Restorative Justice in California Prisons: Can You Participate in a Victim-Offender Dialogue?
A Victim-Offender Dialogue (VOD) is a structured, facilitated conversation that some people use to seek answers, accountability, and a sense of closure after serious harm. If you're exploring this option in California, start by understanding who runs these dialogues and what support is available before anyone agrees to participate.
A Victim-Offender Dialogue (VOD) is a facilitated meeting between the person who was harmed (or surviving family members) and the person who caused the harm. In California, Mend Collaborative is one organization that does this work at state correctional facilities. The goal isn't to force forgiveness or a specific outcome. It's to create a supported space for questions, accountability, and communication that wouldn't be safe or possible without careful preparation and facilitation.
In California correctional settings, VODs are typically facilitated through restorative justice organizations that coordinate with the prison system. Mend Collaborative facilitates Victim-Offender Dialogues at California correctional facilities. Restorative Justice of Orange County (through its RJMP program) also offers a program that brings victims or surviving family members together with incarcerated or paroled individuals, in partnership with the California Department of Corrections and Rehabilitation (CDCR).

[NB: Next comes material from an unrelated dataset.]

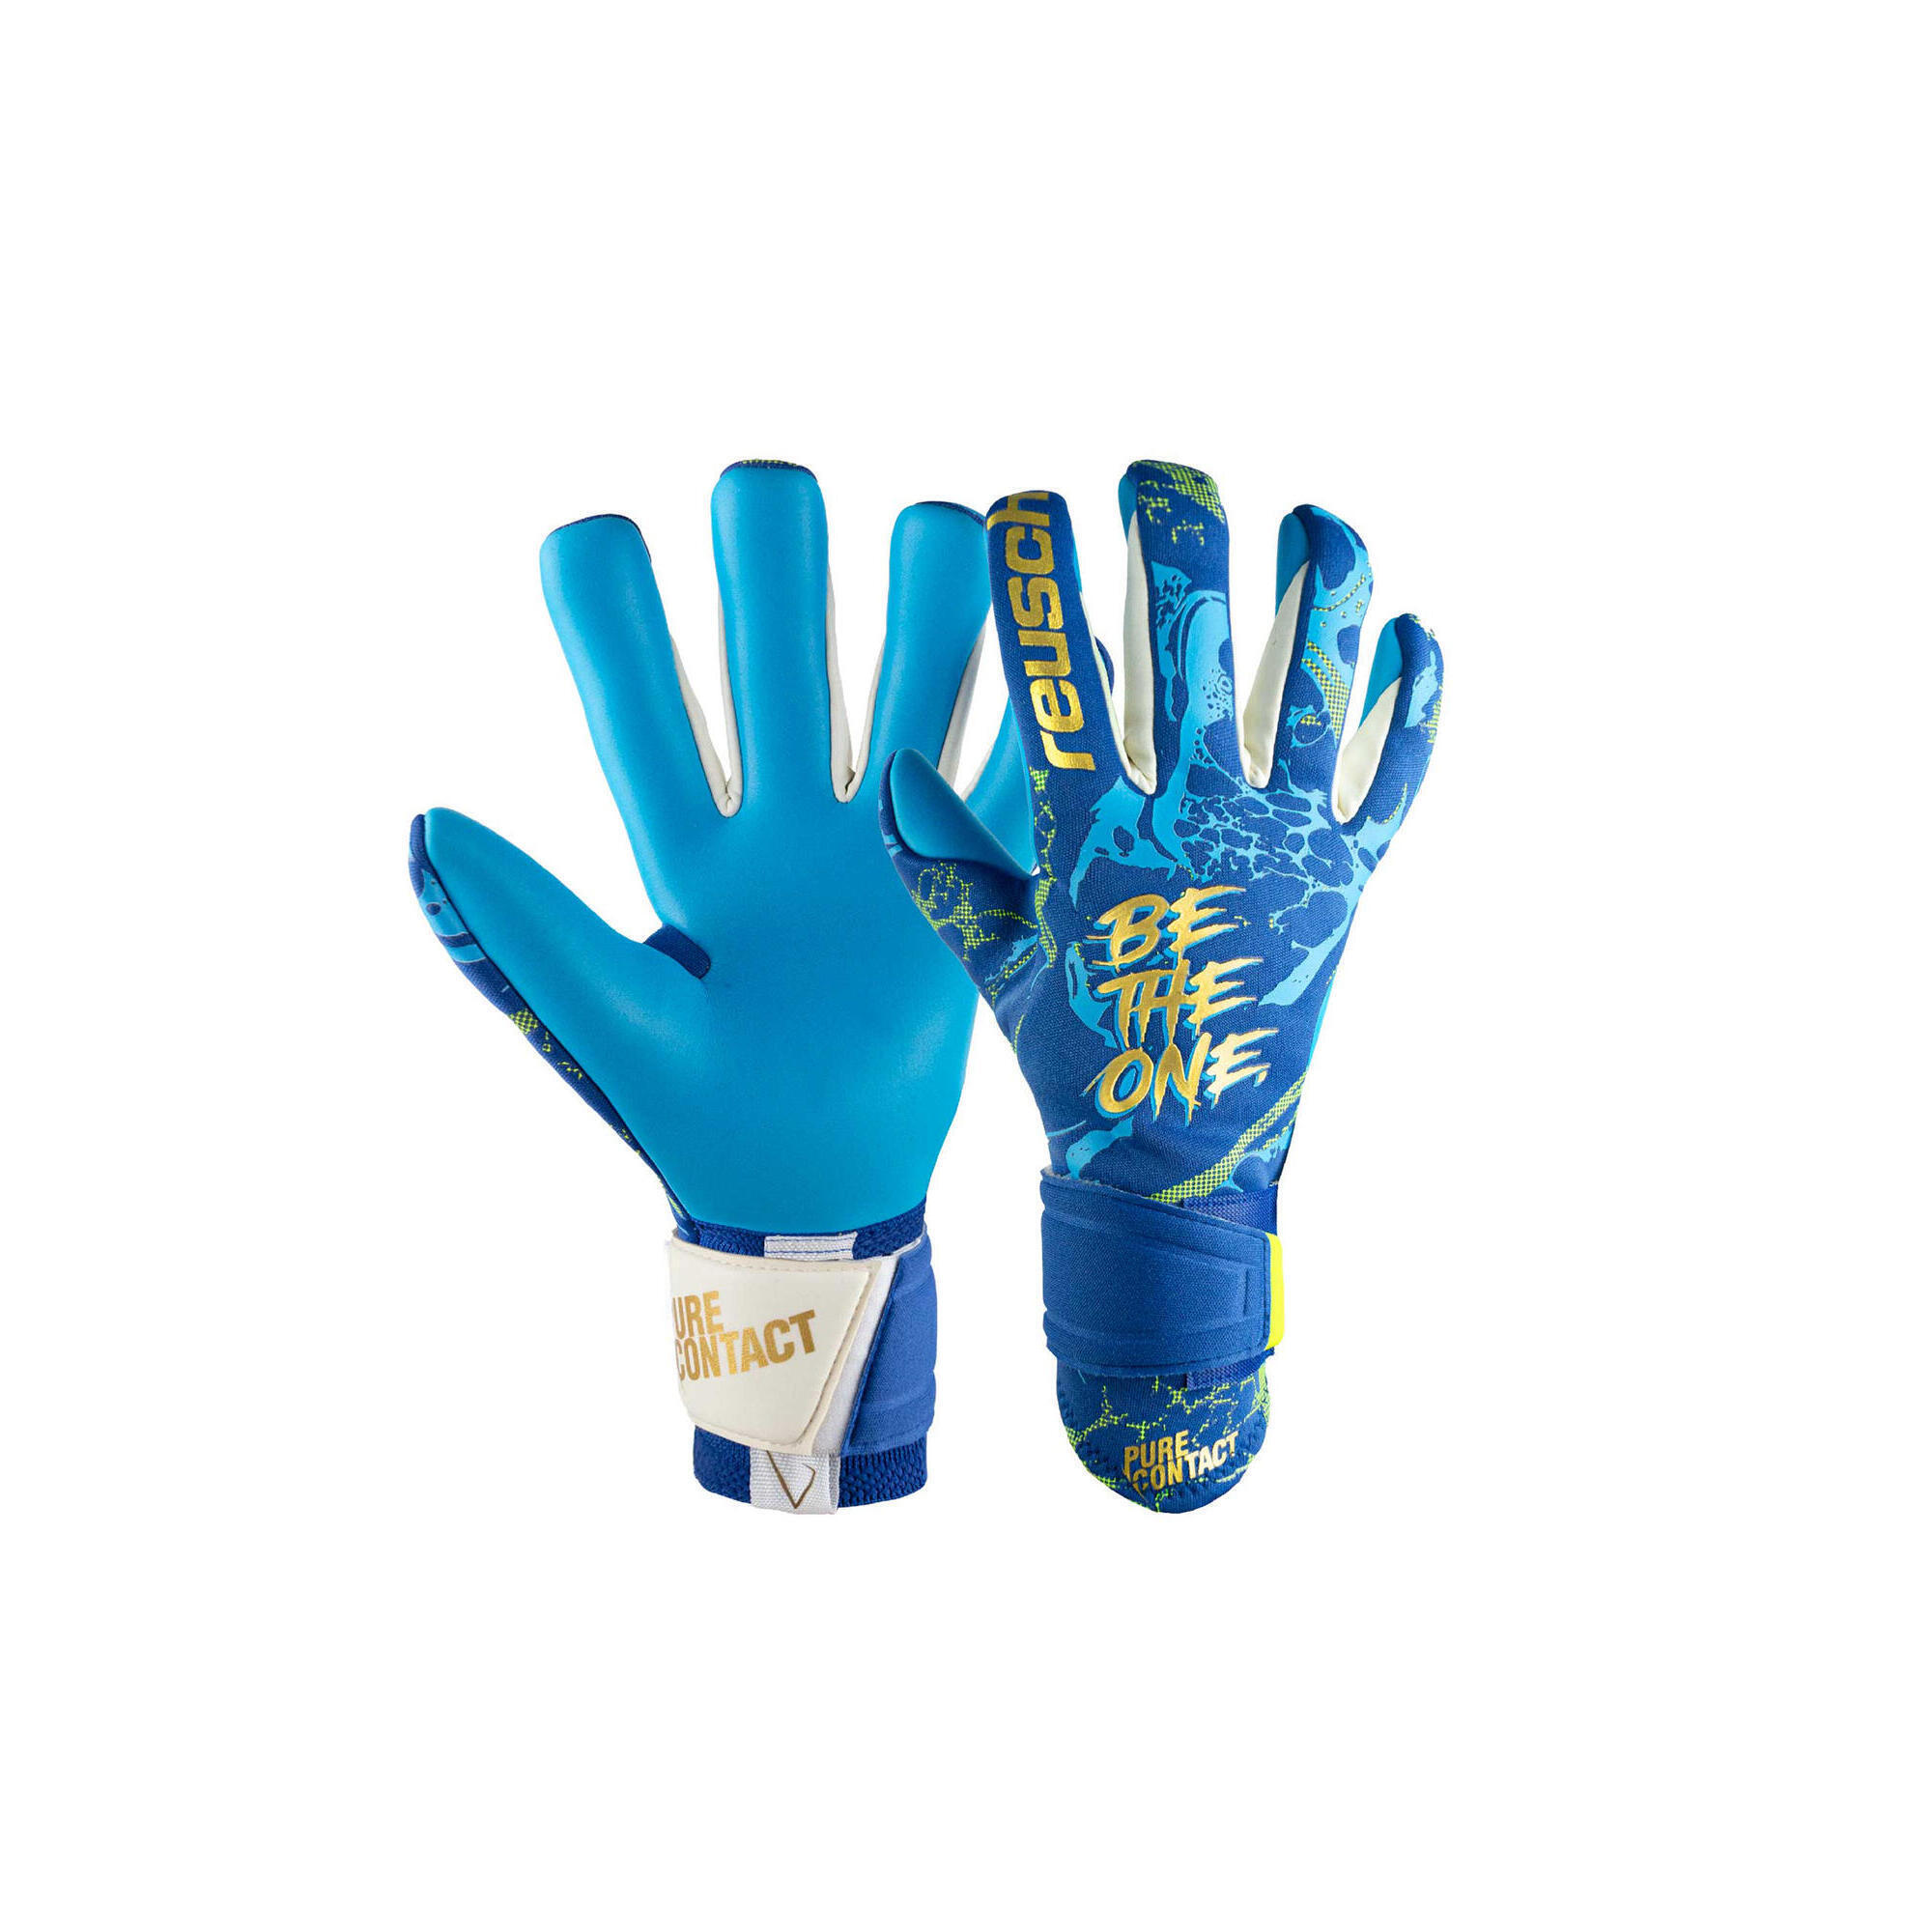 REUSCH Reusch Pure Contact Aqua Goalkeeper Gloves

Note: RJMP describes its victim and surviving family member meetings with incarcerated or paroled offenders as being in partnership with CDCR.
If you're a survivor or family member, the support and preparation you receive matters as much as the dialogue itself. Mend Collaborative prepares and supports survivors who share their experiences through in-prison restorative justice programs. They also facilitate survivor support groups and provide ongoing support in collaboration with other VOD providers, so you're not left to figure it out alone. That preparation can help you decide whether participation is right for you, and if so, what you want from the process. It can also help you plan for the emotional impact of telling your story, hearing someone else's account, or choosing not to move forward after learning more.
- ✓ Preparation and support for survivors who may participate in in-prison restorative justice programs
- ✓ Facilitation of survivor support groups
- ✓ Ongoing survivor support offered in collaboration with other VOD program providers
- Start with the facilitator organizations. Reach out to Mend Collaborative to ask about Victim-Offender Dialogues at California correctional facilities and what the current entry process looks like.
- Ask about the CDCR-partnered option. If RJMP is relevant to your situation, ask about their meetings between victims or surviving family members and offenders who are incarcerated or paroled, and how their partnership with CDCR affects participation.
- Request survivor preparation and support details upfront. Ask what preparation is available, what support groups exist, and what ongoing support looks like, since Mend Collaborative specifically describes survivor preparation and support groups as part of their work.
- Decide your pace and your boundaries. Use the information you receive to decide whether you want to explore a dialogue now, later, or not at all, and what you would need to feel supported if you continue.
Reminder: Availability and the exact process can vary by program and correctional setting, so your best next step is direct outreach to the organizations that facilitate these dialogues.
If you move forward, expect the process to include support before and after any meeting, not just the dialogue itself. Mend Collaborative prepares and supports survivors for in-prison restorative justice programs, facilitates survivor support groups, and provides ongoing support in collaboration with other VOD providers. That can be especially helpful if you're carrying questions, anger, grief, or uncertainty and need a place to sort through what you want to say (or whether you want to participate at all). Even when a program offers a meeting, participation is a personal choice. Some people want answers to specific questions. Some want to be heard. And some decide that preparation alone is enough and don't want direct contact. A good facilitator will help you clarify your goals and plan for what you'll do with whatever you hear.
If you are struggling right now: Reach out to a trusted mental health professional or a local survivor support organization, and consider asking Mend Collaborative or RJMP whether they can point you to survivor supports in your area.